Recruitment and hiring automation is explicitly listed in Annex III of the EU AI Act as a high-risk AI use case. If your product uses AI to screen CVs, rank candidates, score interviews, or assist in hiring decisions, you are in the high-risk category. This applies to both the companies building these tools and the employers using them.
Why Recruitment AI Is Explicitly High-Risk
The EU AI Act classifies AI systems in the following employment and recruitment contexts as high-risk (Annex III, Section 4):
- CV screening and sorting — AI systems that filter applicants before a human reviews them
- Candidate ranking and scoring — algorithms that produce ranked candidate lists based on application materials
- Interview analysis — AI that analyses video, audio, or text from interviews to score candidates
- Job advertising targeting — AI that determines which individuals see job postings
- Employment decisions — AI assisting with promotion, performance management, or contract termination
The regulation covers both SaaS tools sold to employers and AI features embedded in HR platforms (HRIS, ATS systems with AI layers).
Who Is Affected
HR SaaS vendors: Companies building applicant tracking systems, CV screeners, video interview analysis tools, and candidate ranking platforms. You are an AI system provider — the high-risk obligations fall on you to build and document.

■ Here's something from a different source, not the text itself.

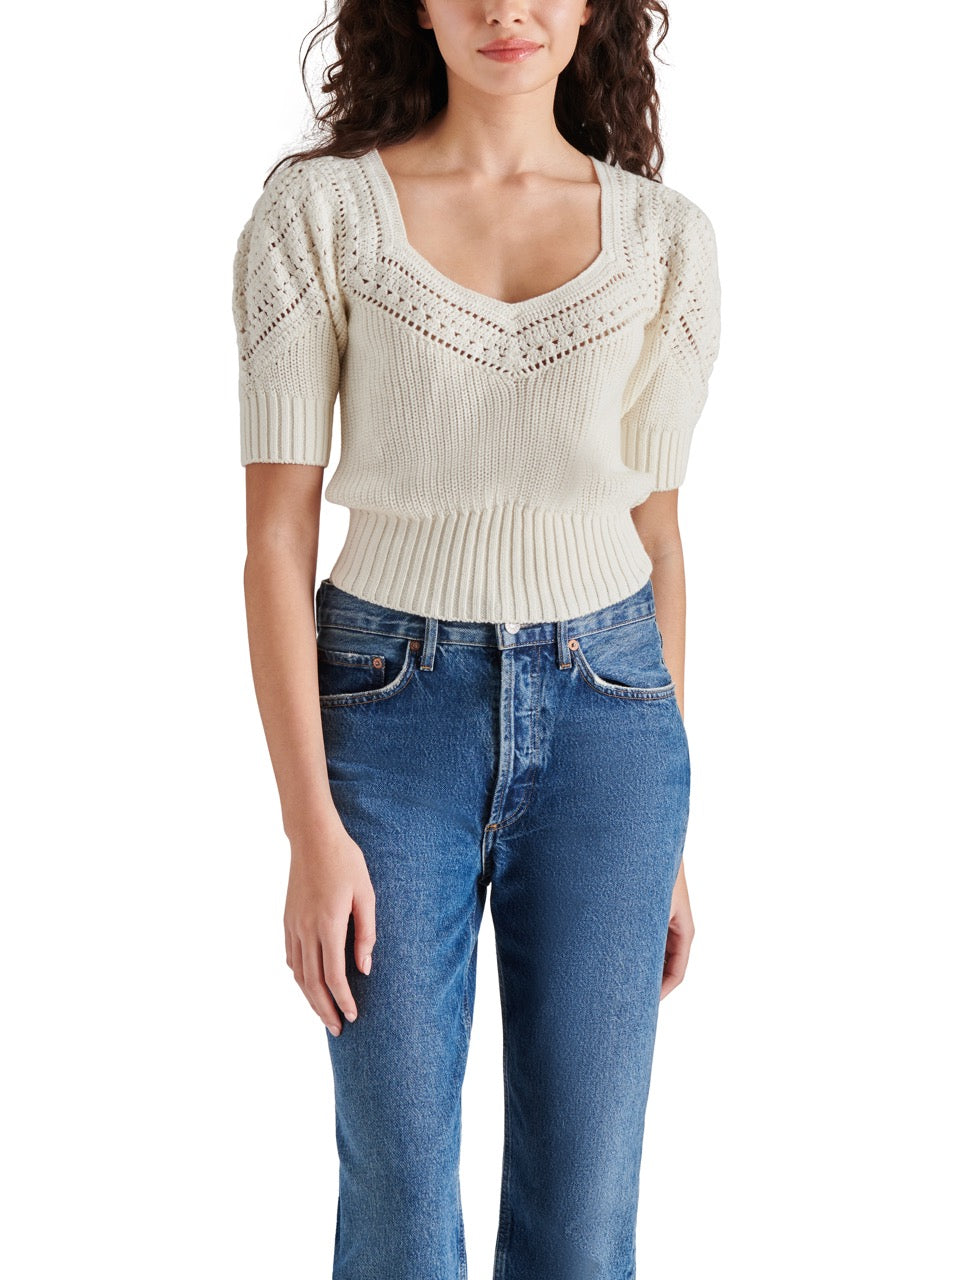 Steve Madden Darcia Short Sleeve Sweater in ivory-front view

Employers using recruitment AI: Companies using third-party or in-house AI for hiring decisions. You are an AI deployer — you have obligations around transparency, oversight, and informing candidates.
Both parties have obligations. The vendor must build a compliant system. The employer must use it compliantly.
High-Risk Requirements for Recruitment AI Systems
Technical Documentation (Article 11)
You must prepare documentation covering:
- The AI system's intended purpose in the recruitment workflow
- Performance metrics (precision, recall, false positive/negative rates by demographic group)
- Training data composition — sources, demographic representation, labelling methodology
- Known limitations and failure modes
- How the system handles edge cases (career gaps, non-linear career paths, different education systems)
Recruitment AI trained on historical hiring data is known to replicate historical bias. Your technical documentation must address how you have identified and mitigated this. Regulators and customers will ask for it.
Data Governance (Article 10)
Training data requirements are strict:
- Training datasets must be documented for known demographic biases
- Steps taken to identify and correct bias must be recorded
- Validation datasets must be representative of the intended candidate population
- Testing for discriminatory outcomes by protected characteristics (gender, age, ethnic background, disability) must be conducted and documented
Transparency (Article 13)
Employers deploying your system must be able to explain its outputs to candidates. This means:
- Outputs must include explanations — not just a score, but the factors behind the score
- The system must flag low-confidence assessments
- Decision logs must be retained for audit purposes
Human Oversight (Article 14)
Recruitment AI must not make autonomous hiring decisions. Requirements:
- A human must be able to review and override AI-generated rankings and scores
- The system must make override easy — not buried in the interface
- Final hiring decisions must involve a human reviewer
- The system must not be designed to discourage human review (e.g., by presenting AI scores as definitive)
EU AI Database Registration (Article 49)
High-risk AI systems must be registered in the EU AI Act database before deployment. For recruitment AI sold to employers, the vendor registers the system.
Employer Obligations When Using Recruitment AI
If you are an employer using AI-powered recruitment tools (not the vendor building them):
Transparency to candidates (Article 50): Candidates must be informed that AI is being used in the screening or selection process. This must happen before the process, not buried in terms and conditions.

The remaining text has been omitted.